| Information supplied |
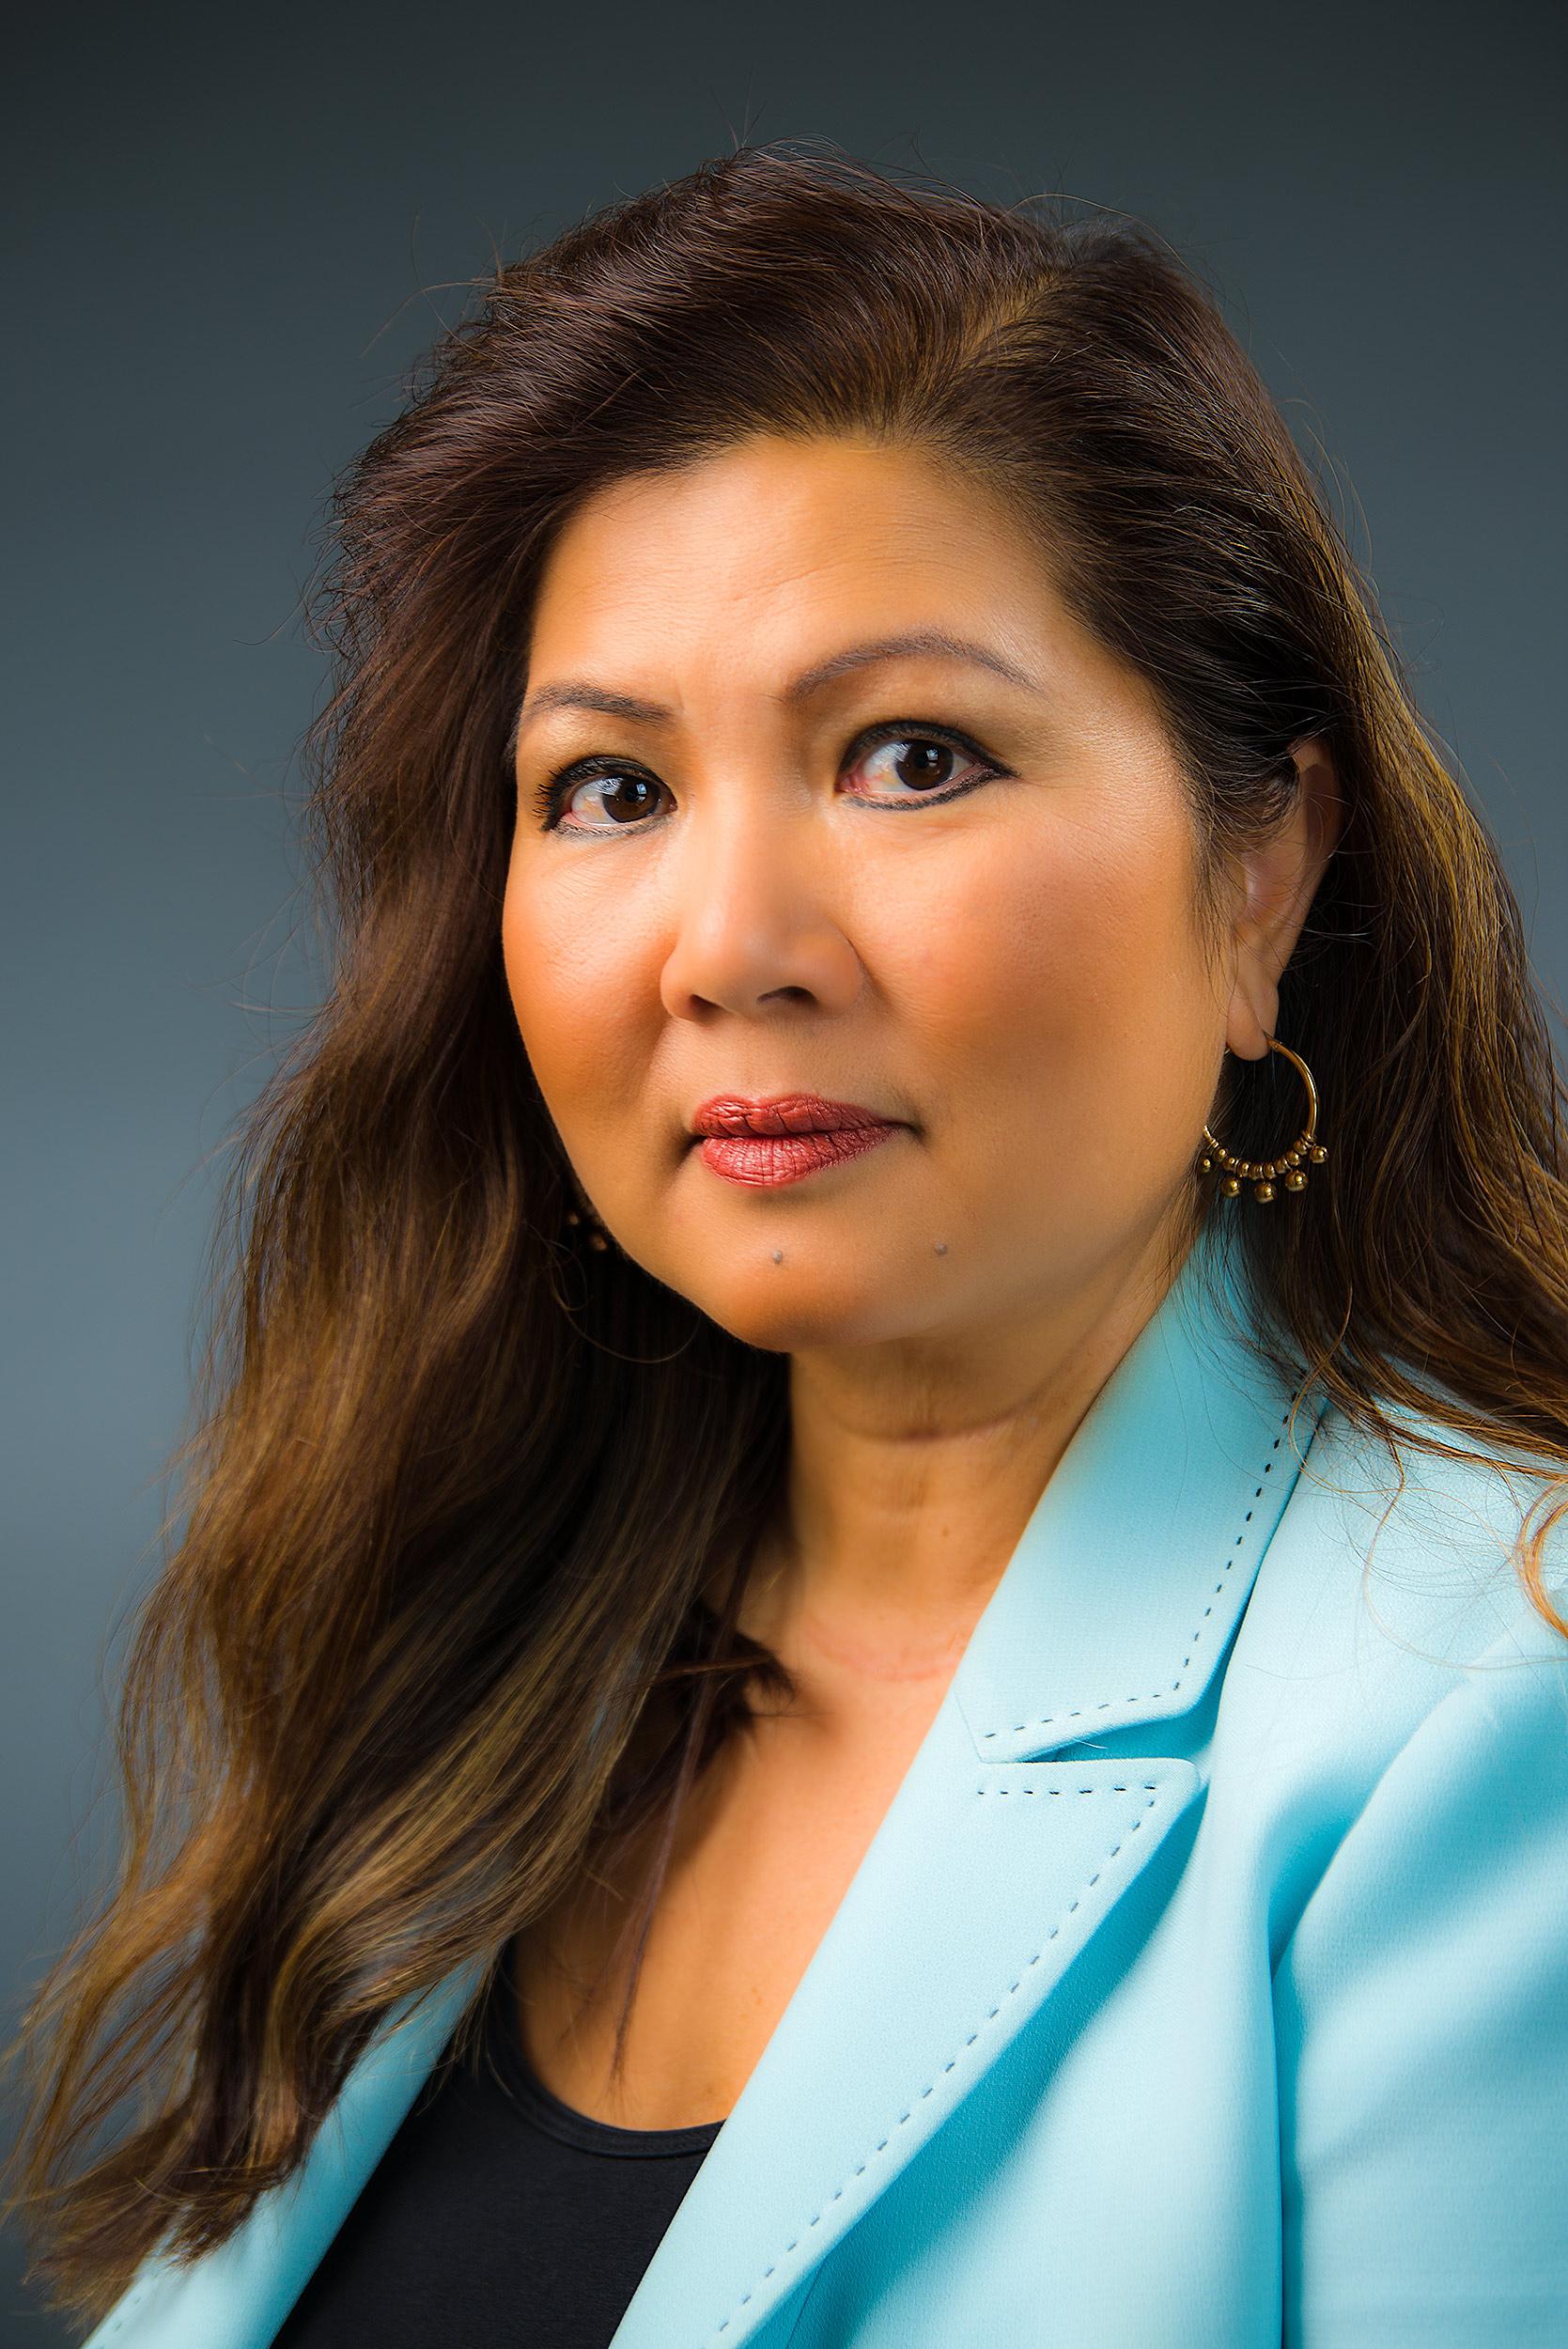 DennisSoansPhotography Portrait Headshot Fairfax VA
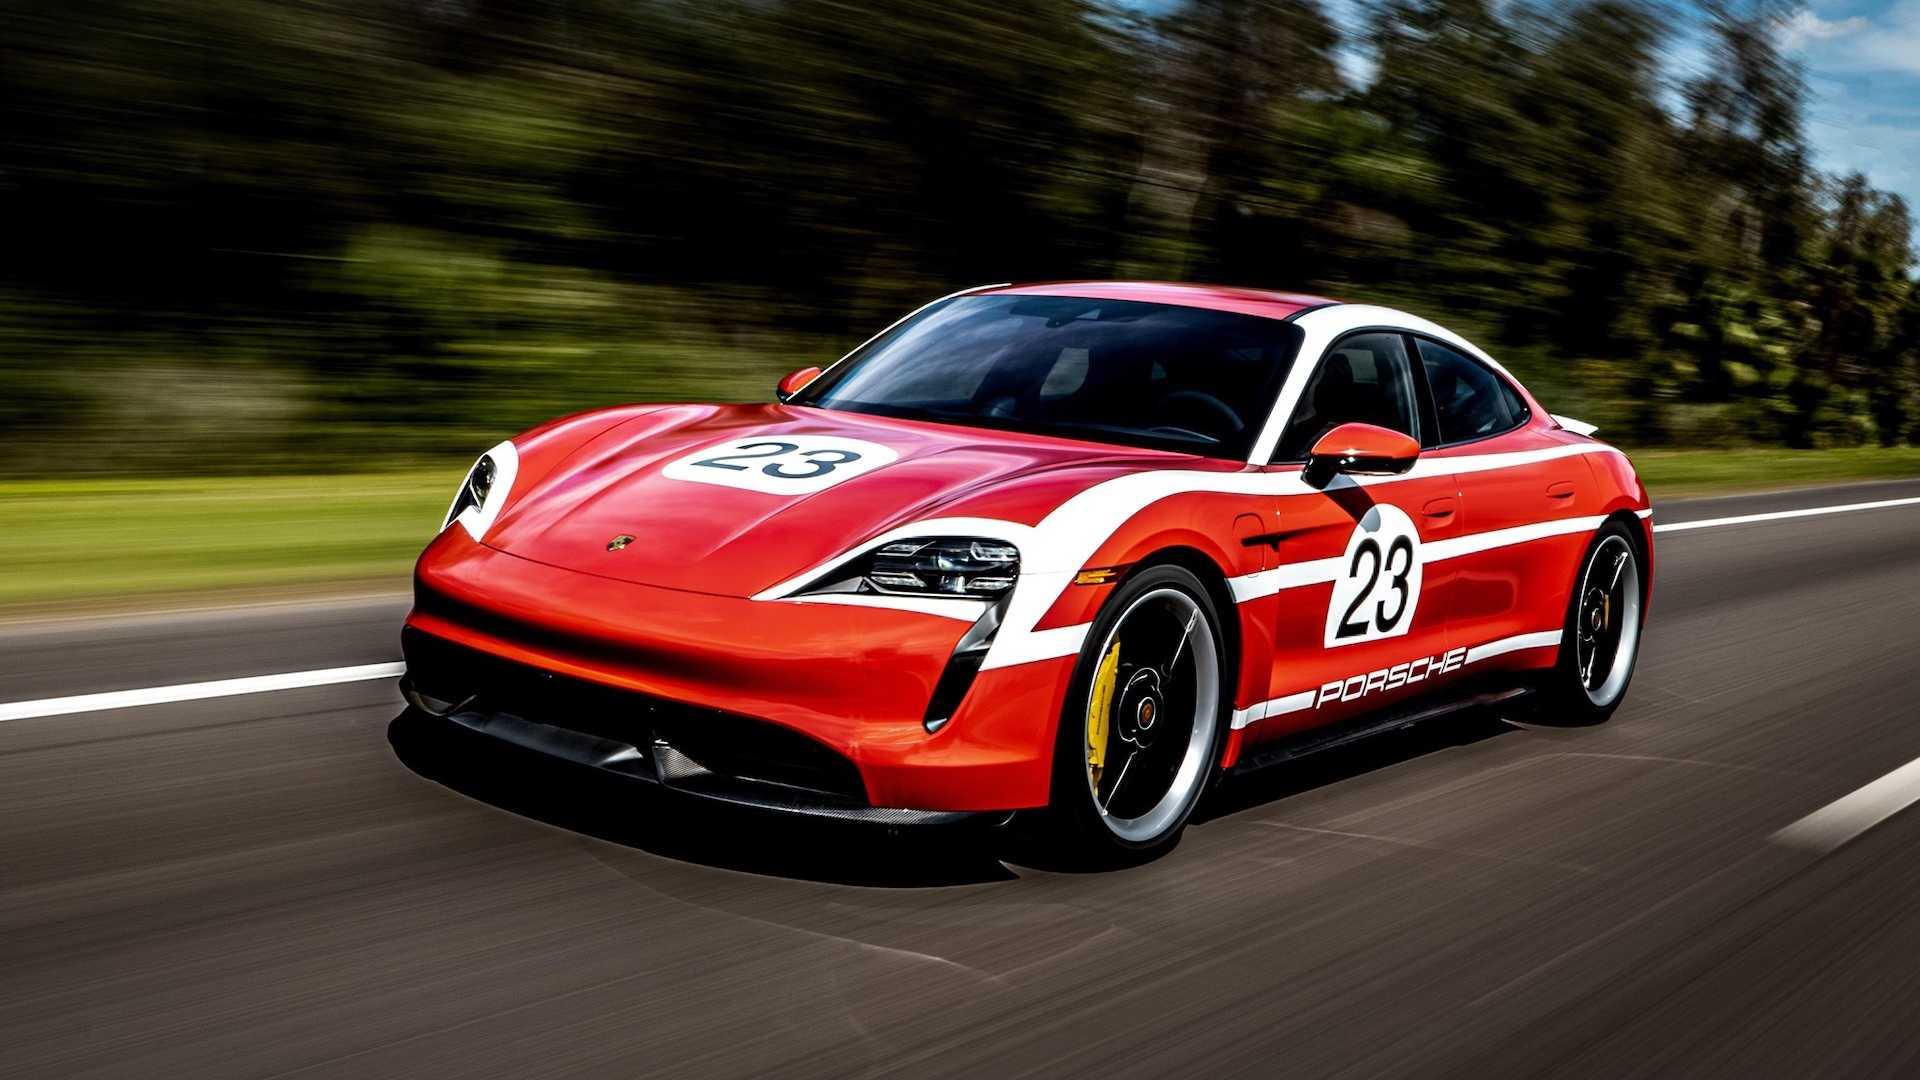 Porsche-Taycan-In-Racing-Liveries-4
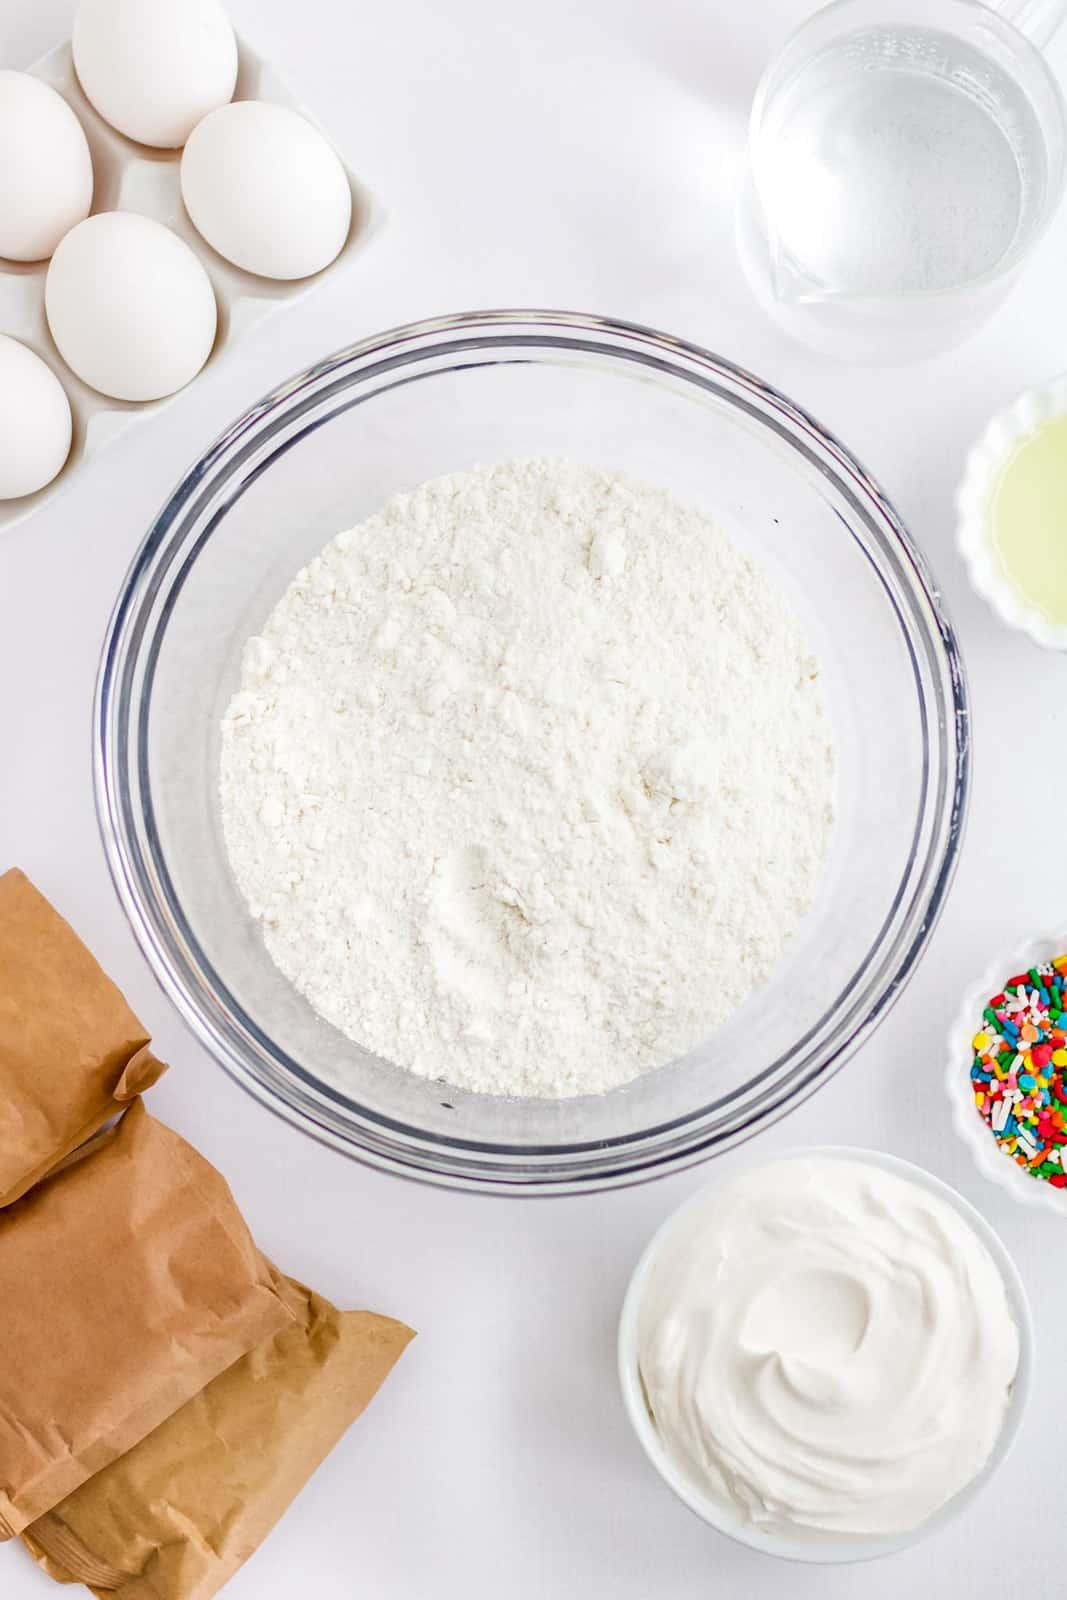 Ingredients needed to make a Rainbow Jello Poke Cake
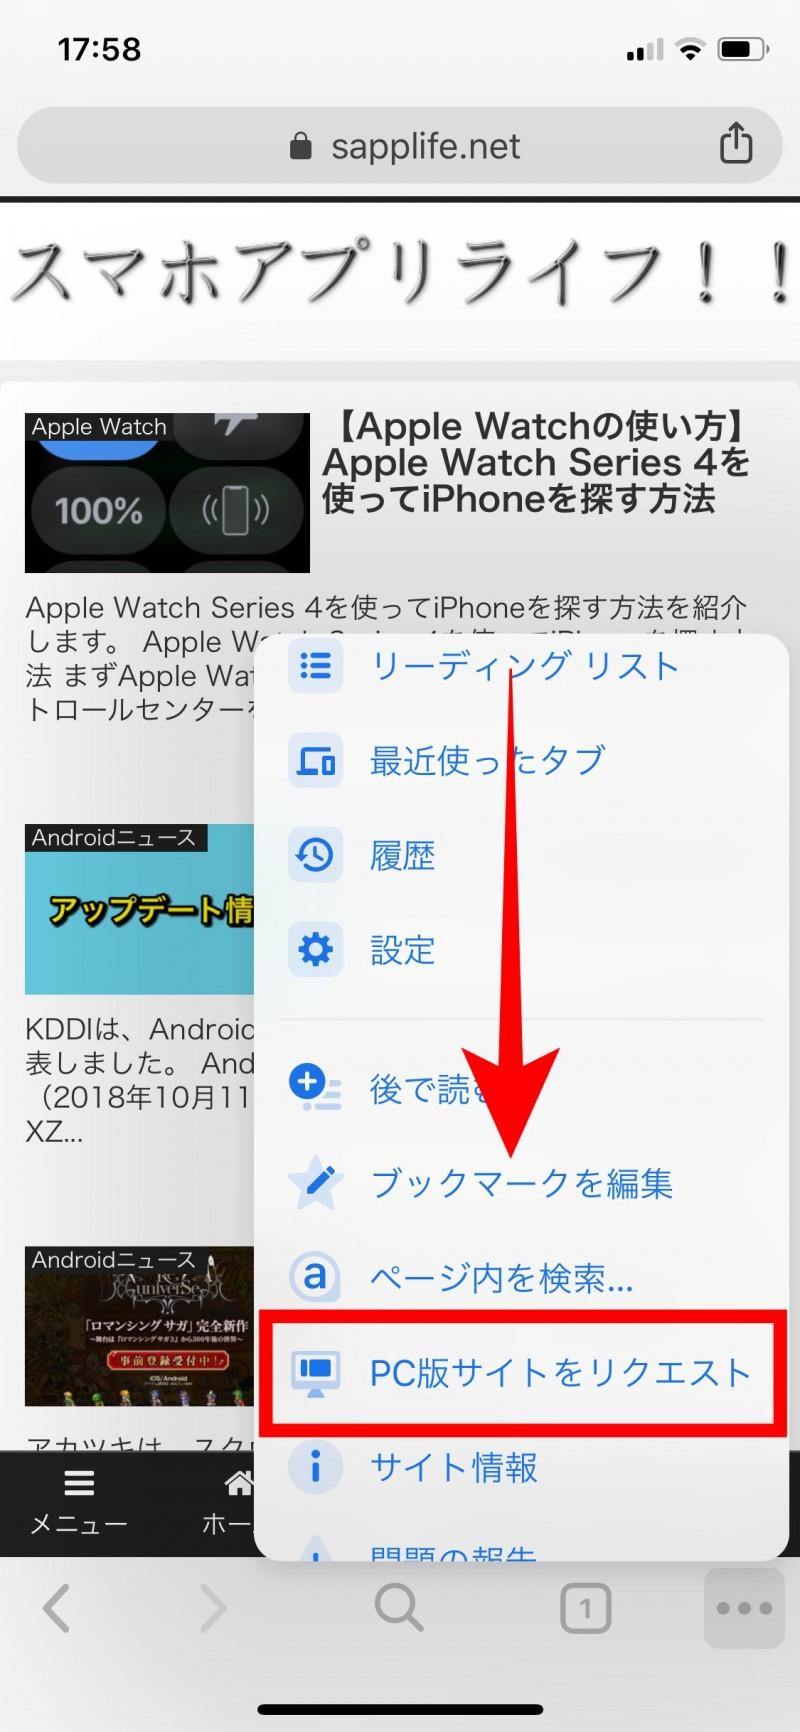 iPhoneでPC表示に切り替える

| Your instructions |
Reproduce, word for word, everything in the listing above except the pictures.

| Task response |
 DennisSoansPhotography Portrait Headshot Fairfax VA
 Porsche-Taycan-In-Racing-Liveries-4
 Ingredients needed to make a Rainbow Jello Poke Cake
 iPhoneでPC表示に切り替える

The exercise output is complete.